Em 1833, o presidente da província Manoel Antônio Galvão doou um terreno no centro de Porto Alegre para o início das obras do Theatro São Pedro, sonhado desde os tempos coloniais, que seriam feitas com projeto arquitetônico no estilo neoclássico do arquiteto Filipe Normann. Mas, com o início da Revolução Farroupilha em 1835, a obra foi suspensa, sendo retomada anos depois. Finalmente, dia 27 de junho de 1858 o prédio foi inaugurado sob a presidência de Ângelo Moniz da Silveira Ferraz, o Barão de Uruguaiana.

Água daquele jeito

No ano de 1865 foi fundada a Hidráulica Porto-Alegrense, que passou a fornecer água a domicílio para as elites e, nos chafarizes públicos, para a população. “A água não era de muito boa qualidade porque as gazetas locais da época falavam que era marrom, tinha cheiro e gosto desagradável”, recorda o professor Charles Monteiro. O primeiro chafariz público da cidade era feito com uma escultura de ferro fundido.

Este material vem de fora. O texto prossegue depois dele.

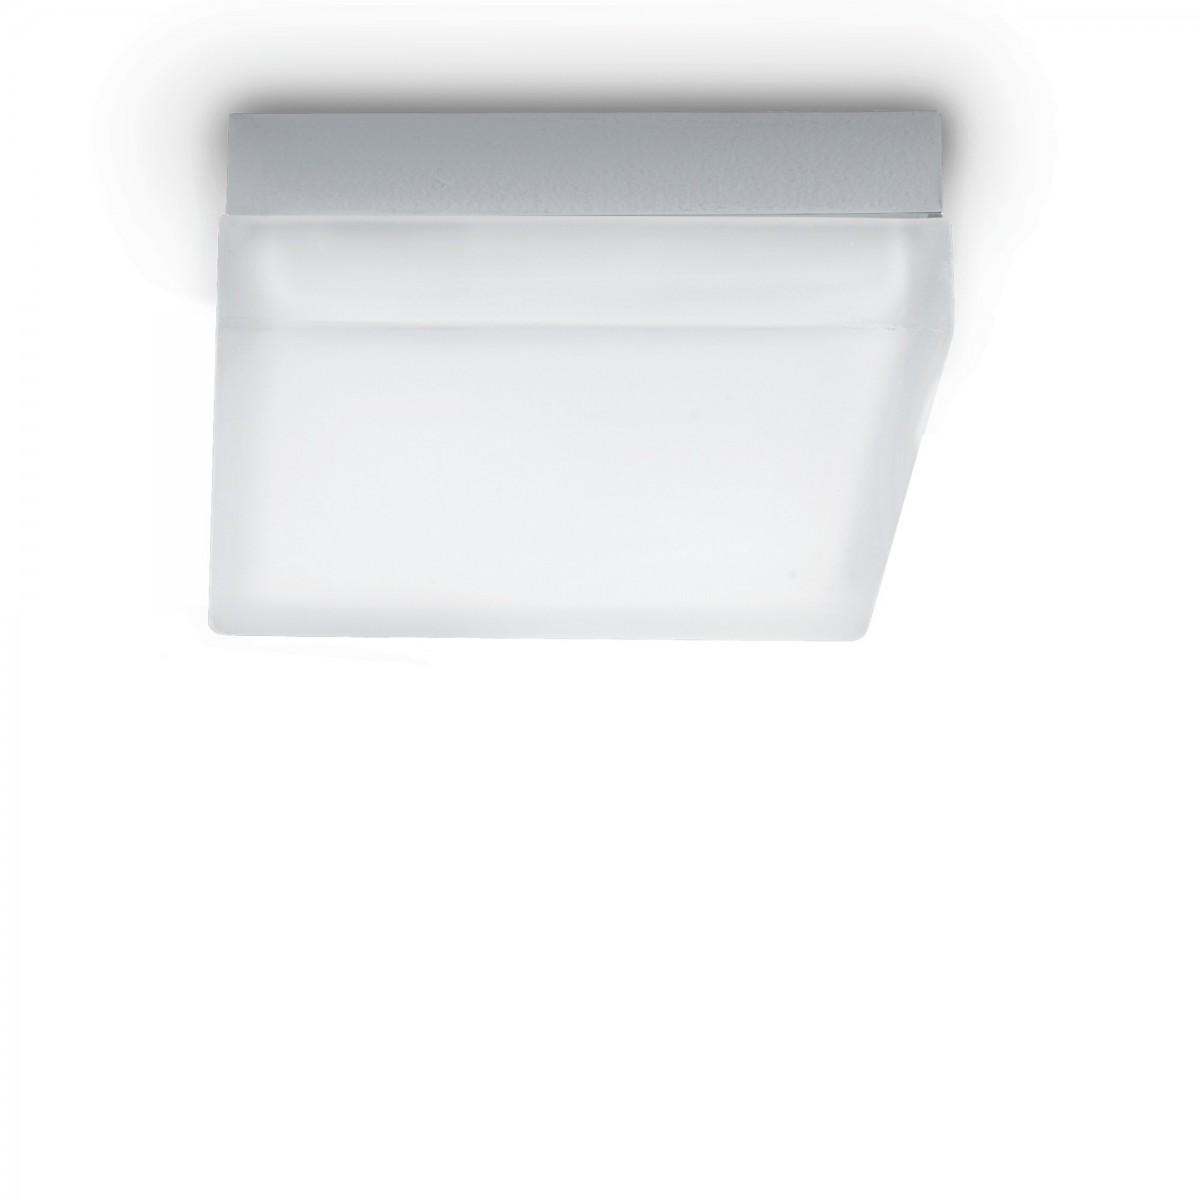 LED stropní svítidlo Ideal lux Iris PL1 104546 1x7W GX53 - jednoduchá elegance

A peça foi trazida diretamente da França pelo escultor Albert Carrier Belleuse.

O dia em que o imperador veio a Porto Alegre

Também em 1865 aconteceu a visita do imperador Dom Pedro II, acompanhado da princesa Isabel e do Conde d'Eu, para monitorar as operações militares da Guerra do Paraguai, ocorrida entre 1864 e 1870. “Várias ruas acabam recebendo nomes relacionados à família imperial. A Praça Conde d'Eu, que seria a Praça XV de Novembro, a Rua da Imperatriz, a Rua do Imperador e uma série de denominações comemorativas”, diz o professor. É criada uma via em homenagem àqueles que se dispuseram a lutar na guerra: a rua Voluntários da Pátria. “Mas, na verdade, eles não foram muito voluntários, alguns deles saíram algemados daqui”, desmistifica Monteiro. Segundo o historiador, a partir daí começa uma série de iniciativas que, aos poucos, ajudam a modernizar a cidade. Uma delas, a criação do Mercado Público.

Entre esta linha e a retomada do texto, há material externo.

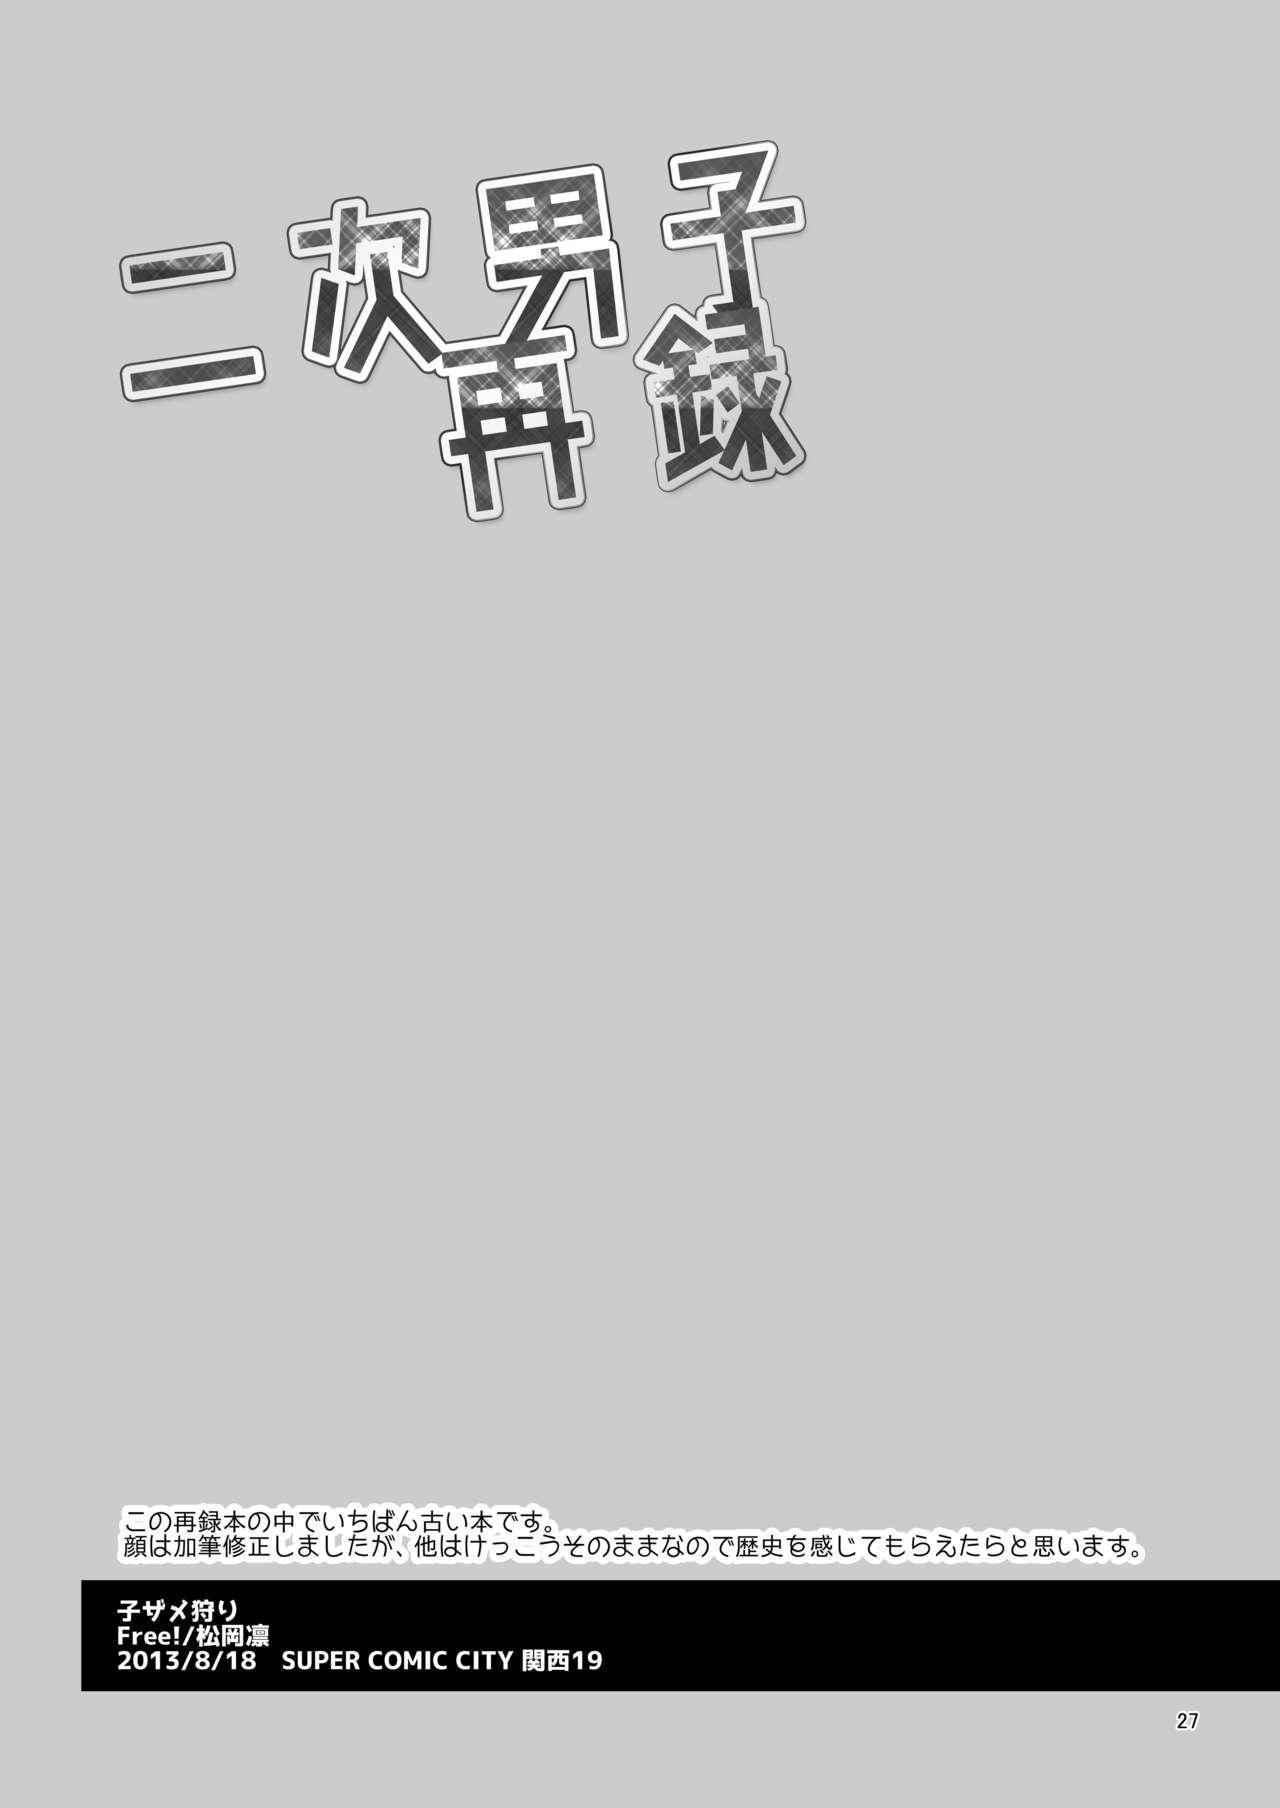 Niji Danshi Rerelease 27

O primeiro e o segundo Mercado

Até a segunda administração de Saturnino de Souza e Oliveira, entre 1841 e 1842, Porto Alegre ainda não dispunha de um mercado central, e o comércio era distribuído por vários pequenos estabelecimentos espalhados pela cidade. Foi então constituída uma sociedade para a construção de um prédio adequado, localizado na antiga Praça do Paraíso (Praça XV de Novembro). “Ficava do outro lado, não onde está hoje”, lembra Monteiro. Em 1845, foram iniciadas discussões para construção de um novo prédio, mais amplo e moderno.

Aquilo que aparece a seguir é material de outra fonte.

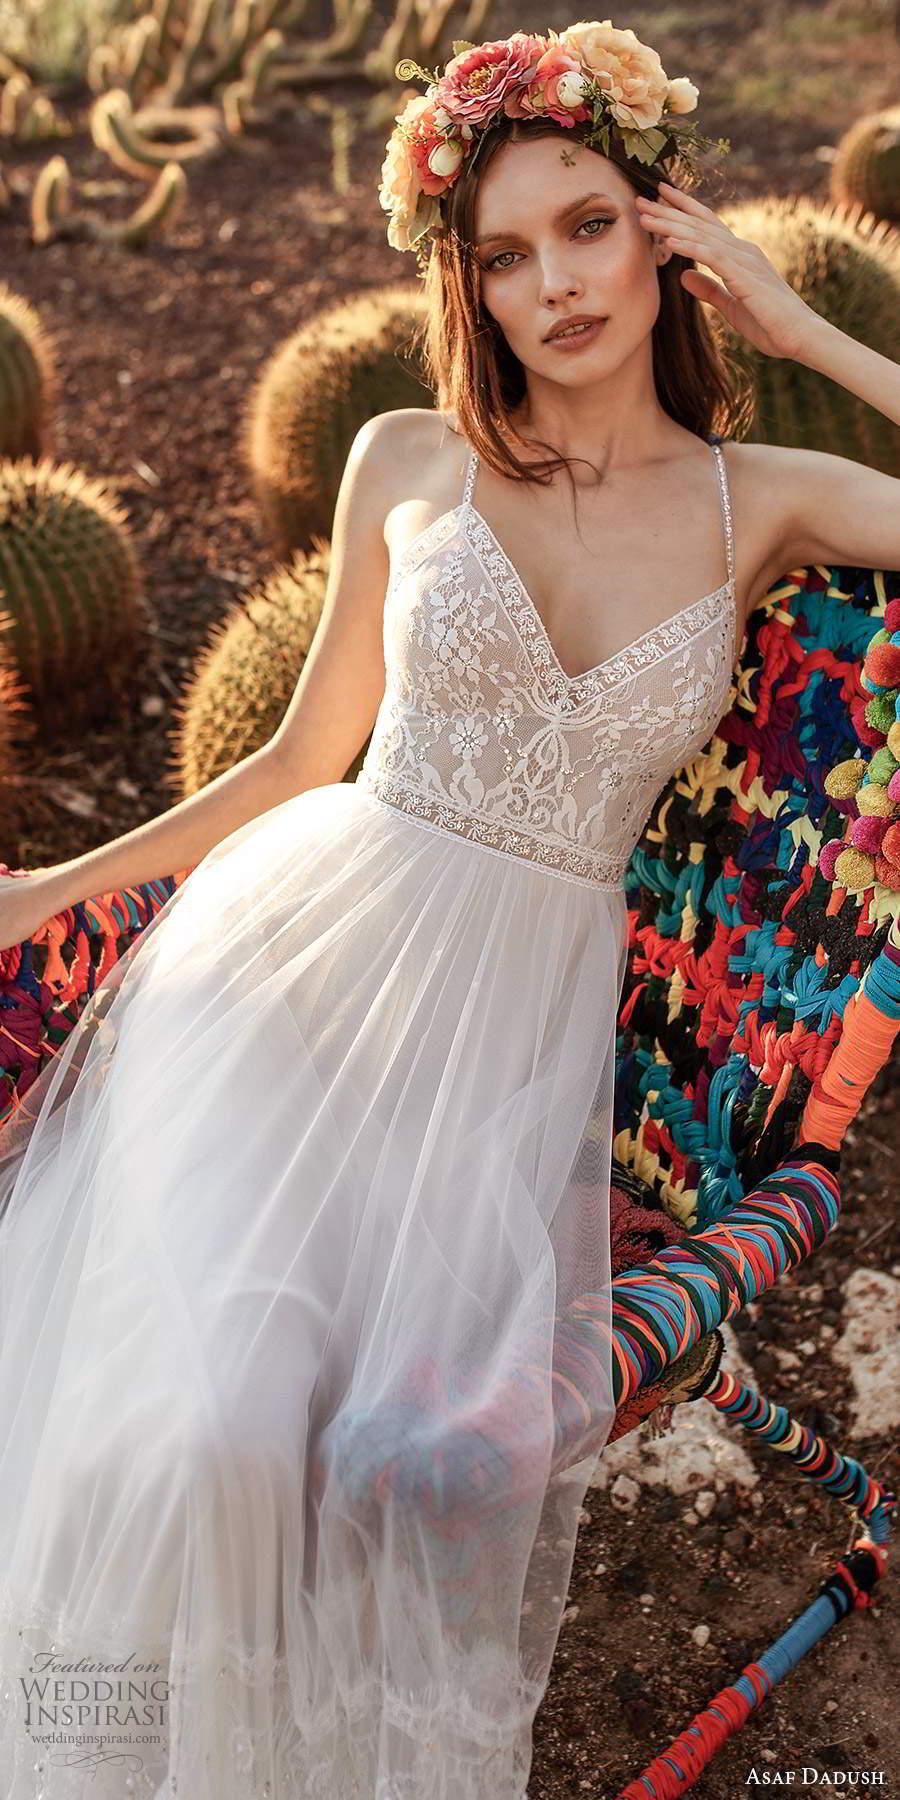 asaf dadush 2020 bridal sleeveless thin beaded straps v neckline embellished bodice a line ball gown wedding dress open back (11) zv

O projeto do engenheiro Frederico Heydtmann, previa um só pavimento. Em forma de quadrilátero, com torreões nas esquinas e um pátio central. Sempre sob a responsabilidade do poder público municipal, o Mercado Público foi fundado em 1869 e logo se tornou o maior e principal centro de abastecimento da cidade. A obra custou aos cofres públicos a importância de 246 contos de réis, bastante elevada para a época. Até hoje, figura como um dos pontos principais da cidade.